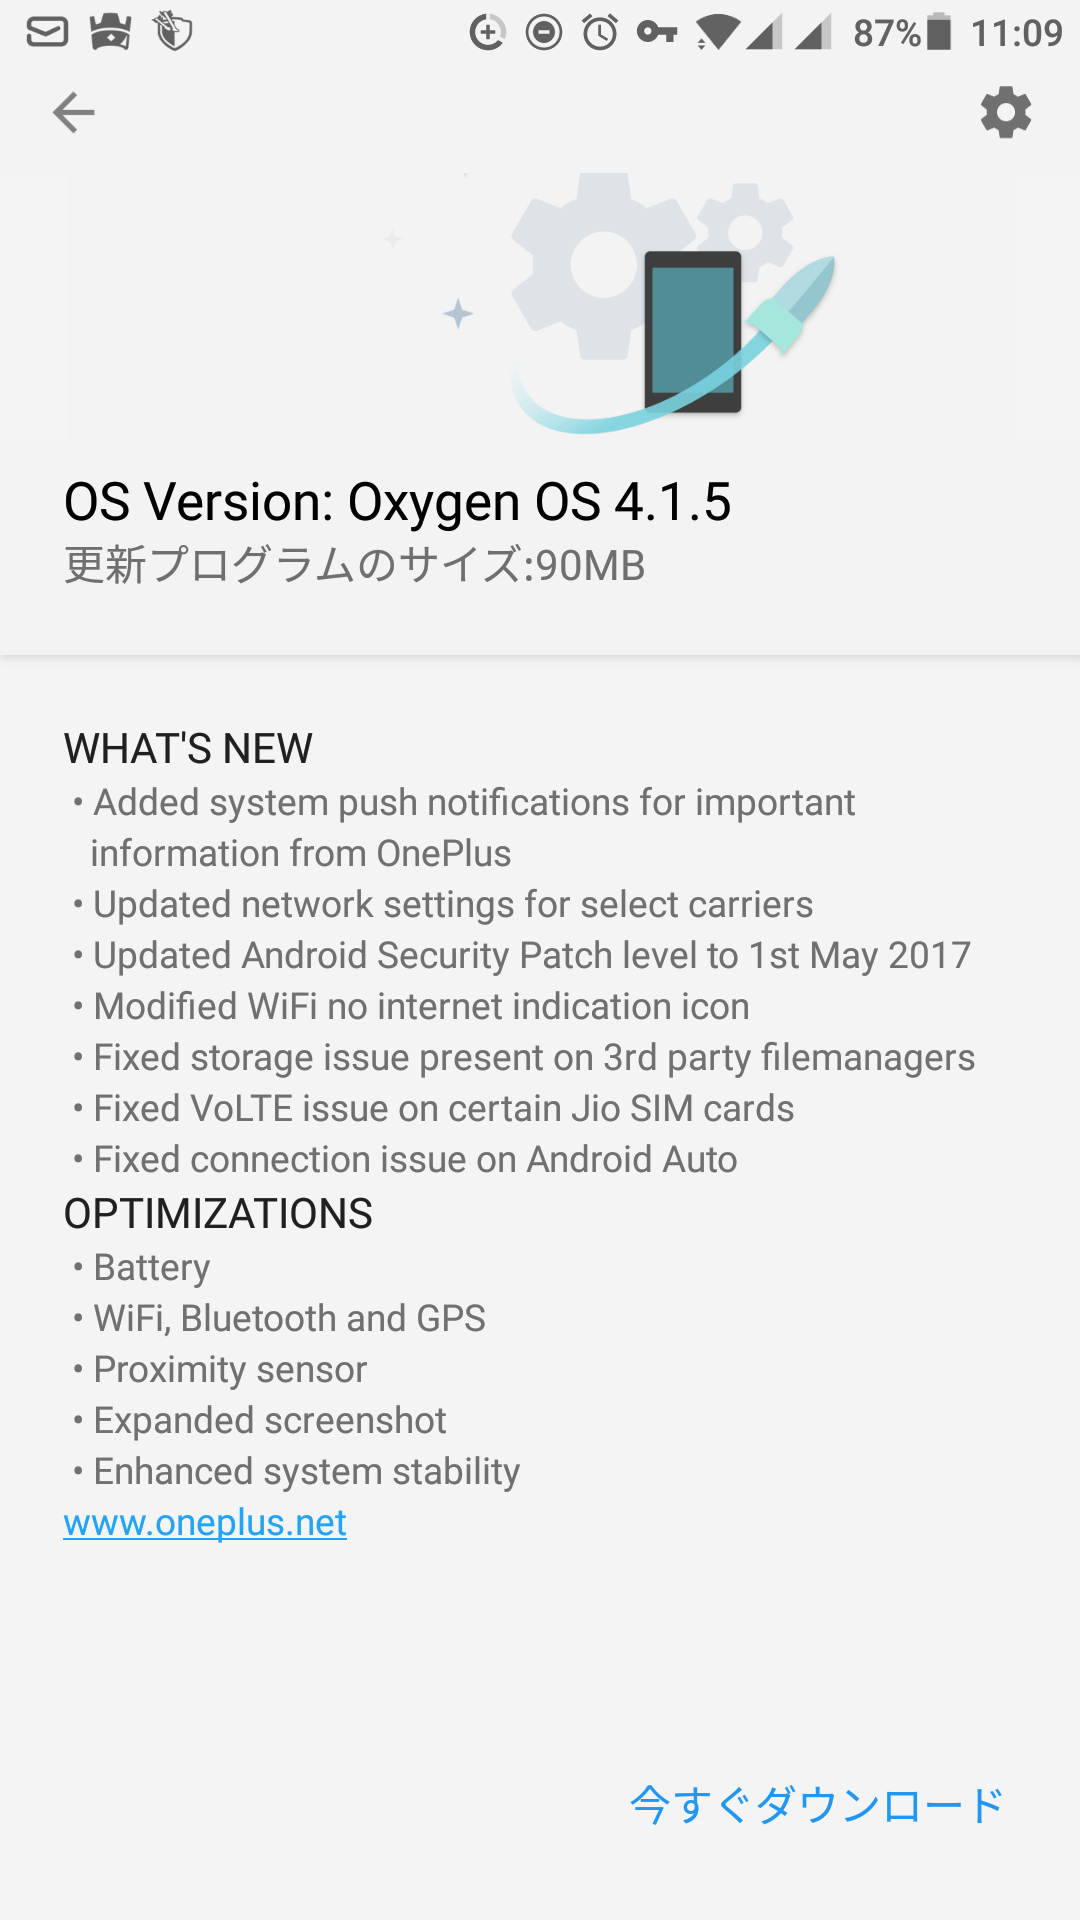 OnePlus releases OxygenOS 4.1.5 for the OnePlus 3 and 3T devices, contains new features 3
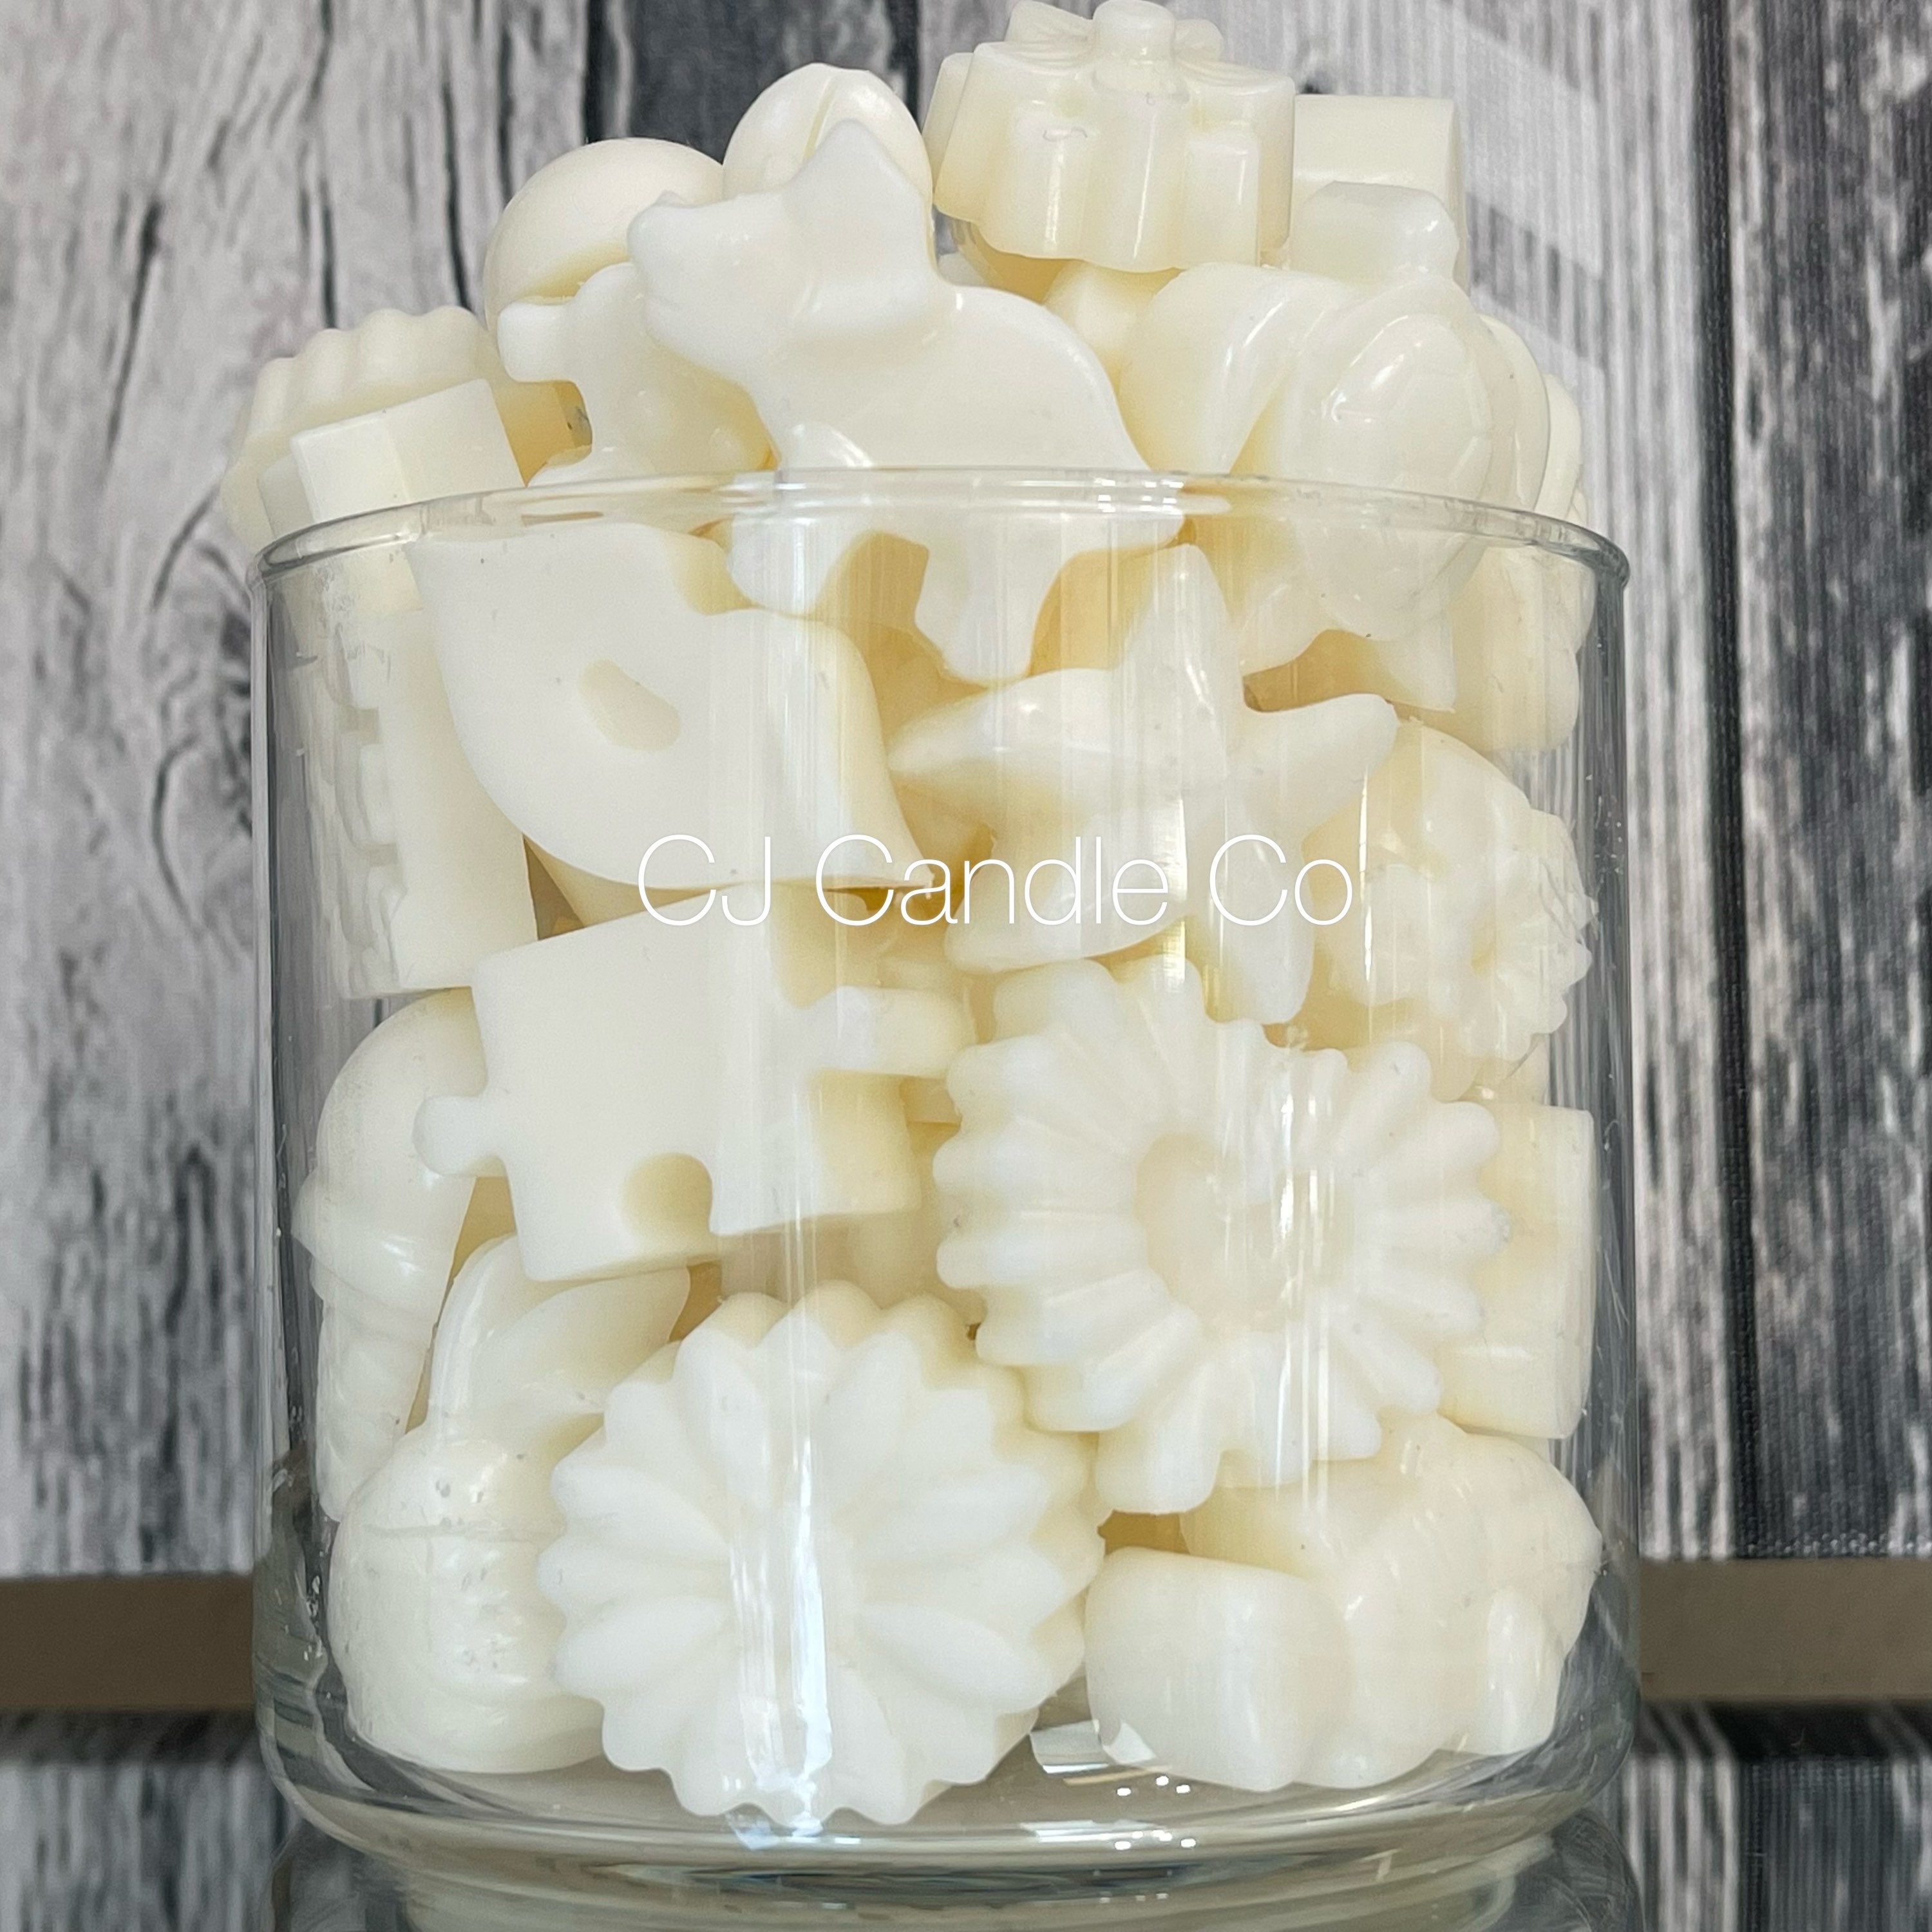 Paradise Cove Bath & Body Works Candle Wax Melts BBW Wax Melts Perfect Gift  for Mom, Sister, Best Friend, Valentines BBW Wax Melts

──────────────────────────────

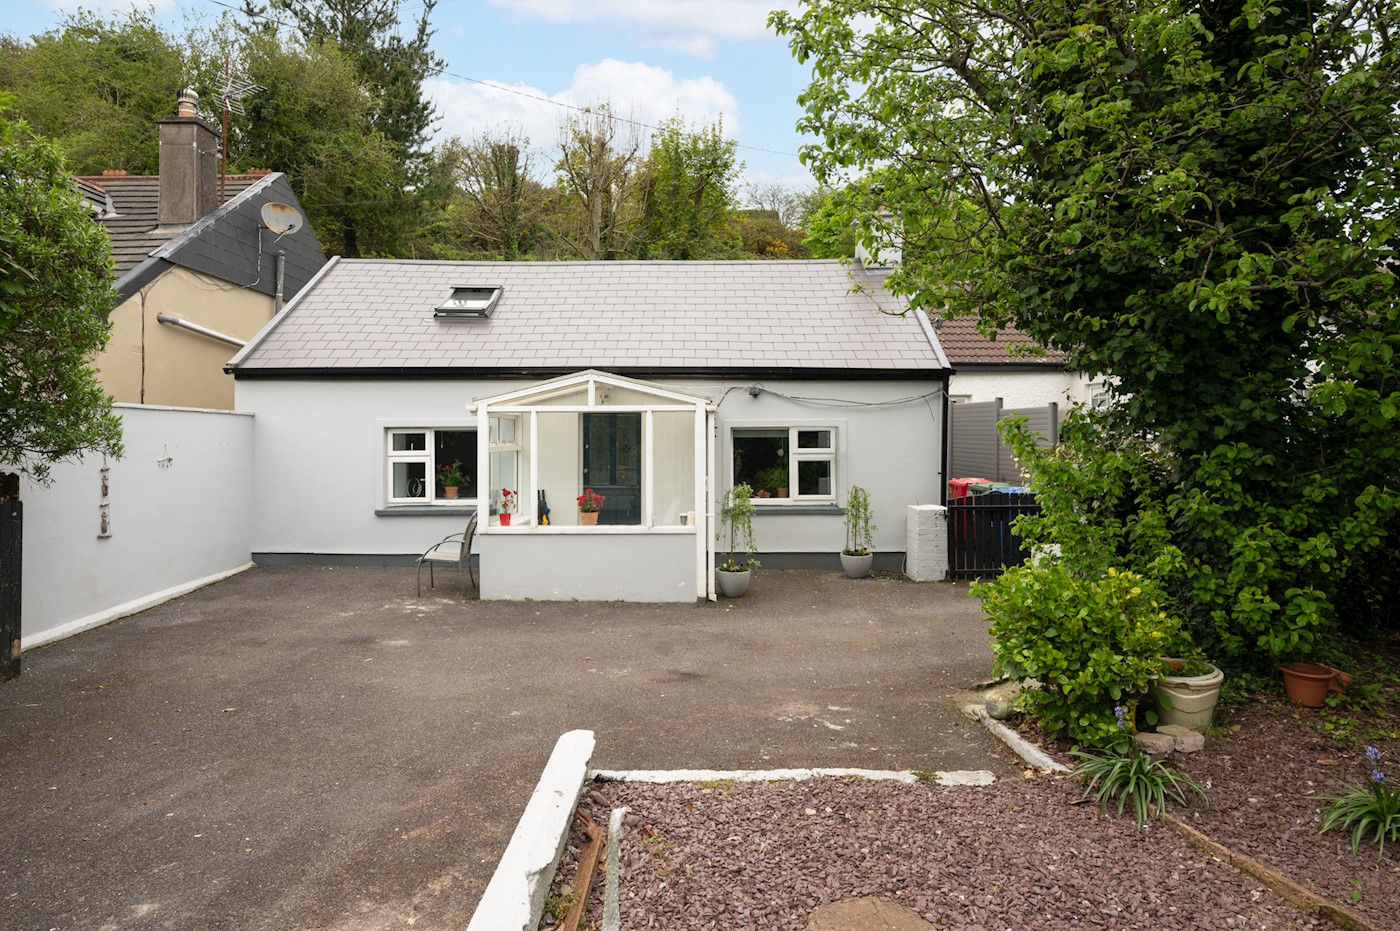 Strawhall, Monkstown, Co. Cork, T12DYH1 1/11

──────────────────────────────

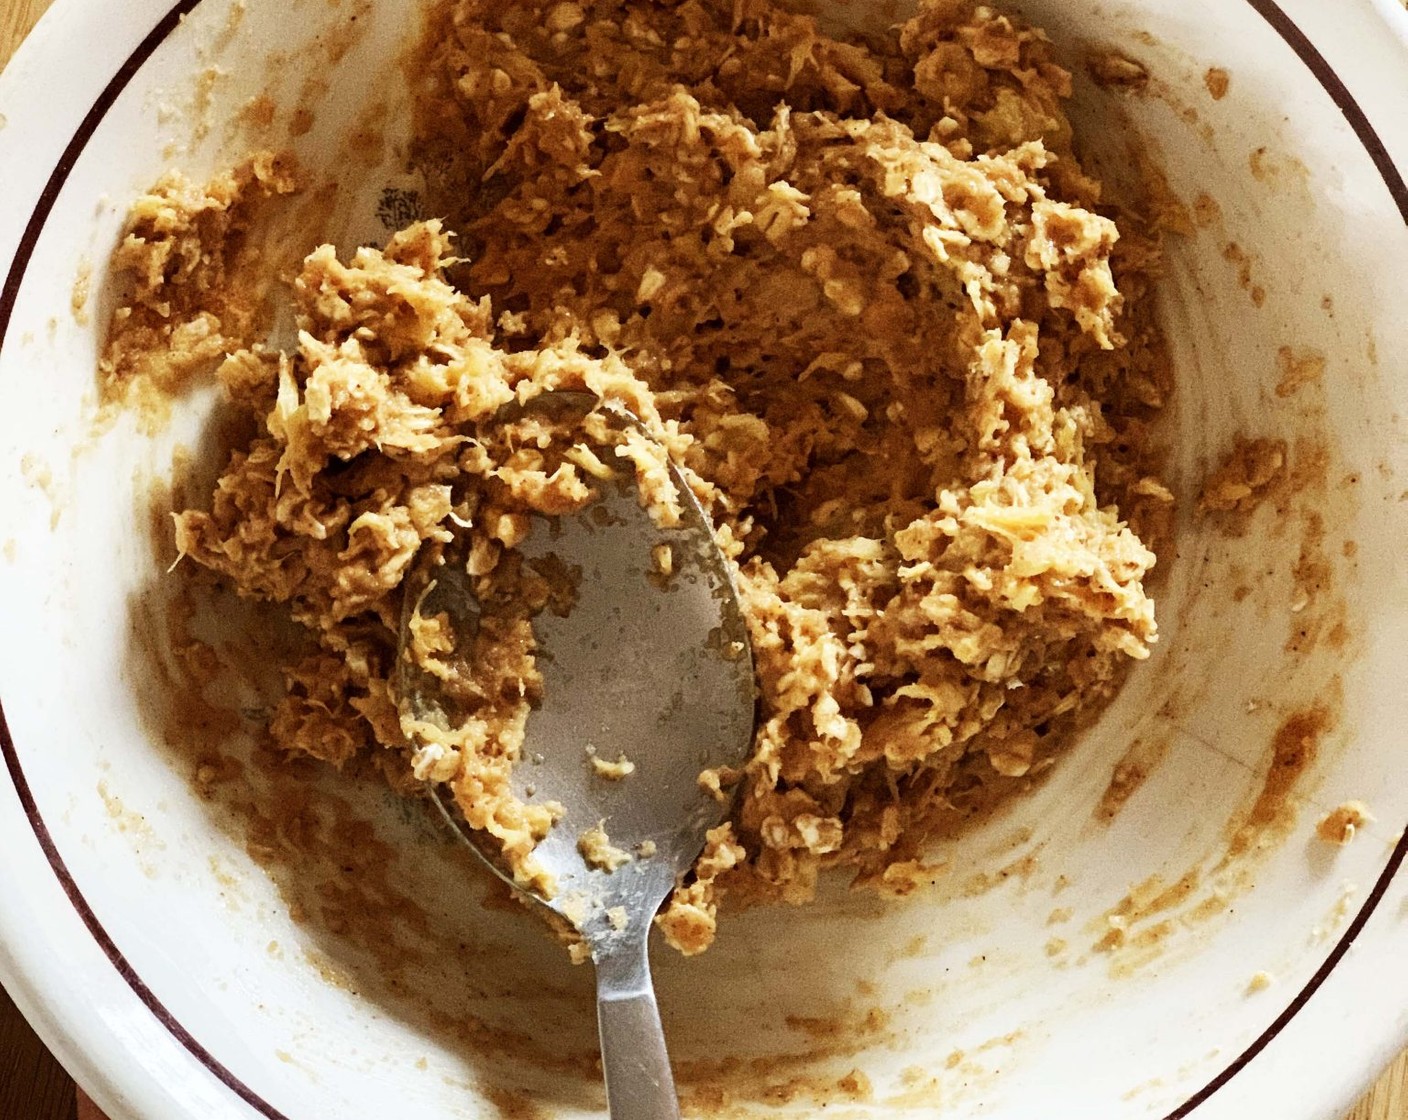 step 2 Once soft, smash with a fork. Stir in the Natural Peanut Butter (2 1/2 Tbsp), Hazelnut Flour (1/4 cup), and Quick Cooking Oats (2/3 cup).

──────────────────────────────

TRY IT>
In the listing above, find the line with "OnePlus releases OxygenOS" and output every line through the one with "Paradise Cove Bath", exactly, without the pictures.

OUTPUT FOR THIS EXERCISE>
 OnePlus releases OxygenOS 4.1.5 for the OnePlus 3 and 3T devices, contains new features 3
 Paradise Cove Bath & Body Works Candle Wax Melts BBW Wax Melts Perfect Gift  for Mom, Sister, Best Friend, Valentines BBW Wax Melts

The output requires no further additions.